Abteilungsleiter Robert Kasper berichtete eine Woche nach der Hauptversammlung der Schützen von Problemen bei der Nachbesetzung von Posten in Vorstand und Ausschuss. Dennoch können noch alle Mannschaften am Wettkampfbetrieb teilnehmen. Die Luftgewehrmannschaften mischten jeweils vorne mit, auch die Luftpistolenmannschaft konnte die Klasse halten. Bei den Meisterschaften reichte die Bandbreite von der Kreismeisterschaft bis zur Deutschen Meisterschaft. Mit Daniel Riss habe man sogar den Kreisschützenkönig in seinen Reihen. Aushängeschild der TSG Schützen ist jedoch Emanuel Müller, der im Dezember mit der Mannschaft bei der Olympischen Schnellfeuerpistole im Dezember in Ägypten Weltmeister wurde und im Einzel Bronze holte.

Der frischgebackene Abteilungsleiter der Volleyballer, Gerrit Heinzelmann, hatte ebenfalls positive Nachrichten. Die Damen spielten erfolgreich Bezirksklasse und die Herrenmannschaft schaffte den Aufstieg in die Landesliga. Die Volleyballabteilung verfügt über eine großes Nachwuchsreservoir. Die Jugendlichen trainierten teilweise bei den aktiven Herren und Damen mit. Aktuelle Projekte sind im Sommer der Beach-Cup und aktuell die Stadtmeisterschaften.

Florian Strobel sprach für die größte Abteilung der TSG, die Abteilung Turnen und ihre Gruppen. Mit 72 Übungsleitern und Helfern stellt die Turnabteilung fast die Hälfte aller Übungsleiter der Gesamt-TSG. Bei den Kampfrichtern hat die Abteilung inzwischen Mitglieder mit der höchsten nationalen wie internationalen Qualifikation.

Für die Mutter-Kind-Gruppe suche man händeringend eine Halle. Highlights der Saison sind bei den Aktivitäten immer die Vereinsmeisterschaften, die Nikolausfeier und das Zeltlager. Ebenfalls großartig sei der Besuch des internationalen Deutschen Turnfests in Leipzig gewesen. Jahrestiefpunkt war der Tod von Ehrenmitglied Frieder Rothenhäusler gewesen, der die Werte der Abteilung stark geprägt hatte. Sportlich erfolgreich waren die Trampolin-Turner(innen). Neben der Württembergischen Meisterschaft hob Strobel besonders die beste Nachwuchs-Trampolinerin, Sophie Berle, hervor, die bei der „Deutschen“ sich Bronze ersprang.

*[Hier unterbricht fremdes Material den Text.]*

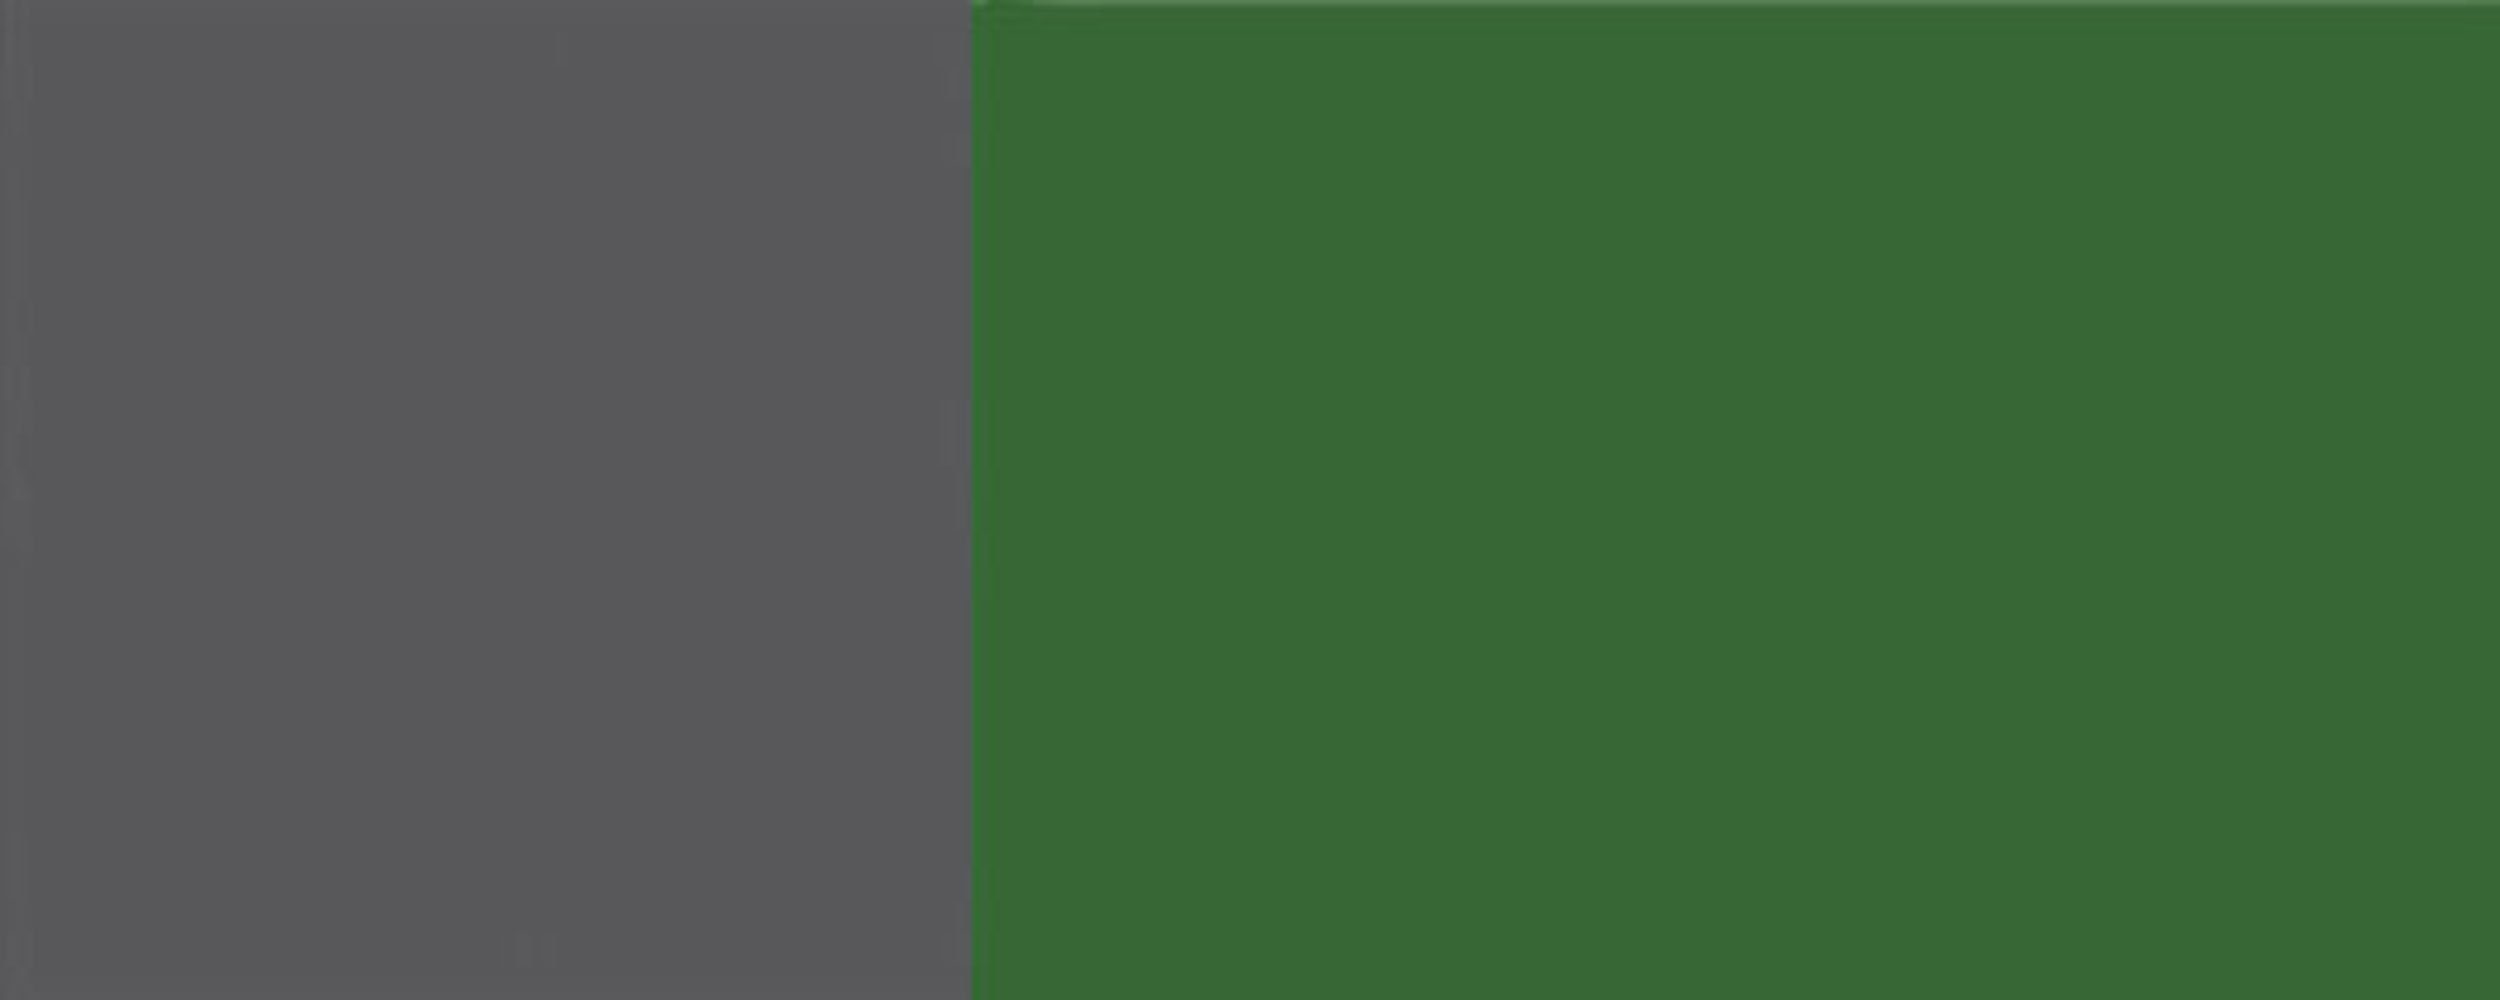 Hochglanz Klapphängeschrank 1-türig grifflos 50cm Front-, Florence smaragdgrün Feldmann-Wohnen 6001 wählbar Korpusfarbe (Florence) RAL und Ausführung

Klaus Schütt betonte in seinem Grußwort die Wichtigkeit der Gemeinschaft in den Vereinen. Daher sei es seitens des Gemeinderates keine Frage gewesen, die Jugendförderung zu erhöhen. „Denn Jugendliche, die in Vereinen unterwegs sind, werden gut auf das Berufsleben vorbereitet.“ Im Gemeinderat habe es daher auch keine Diskussion bei der Sanierung des Kunstrasenplatzes und beim Flutlicht gegeben.

Wahlen

Bei der folgenden von Schütt geleiteten Wahl wurden die Vorstände Thomas Grandl und Marga Loritz einstimmig in ihren Ämtern bestätigt. Da Erwin Fluhr zum Abteilungsleiter gewählt wurde, musste für seinen Ausschussposten ein Ersatz gefunden werden. Diesen Posten hat nun Hubert Schwarz übernommen.

Unter Punkt Verschiedenes wies Thomas Grandl auf das demnächst wieder beginnende Stadtradeln hin. Als großen Termin für die Ablegung des Sportabzeichens unter der Führung der Abteilung Turnen nannte Thomas Grandl den 3. Juli um 14.00 Uhr auf dem Kollegssportplatz.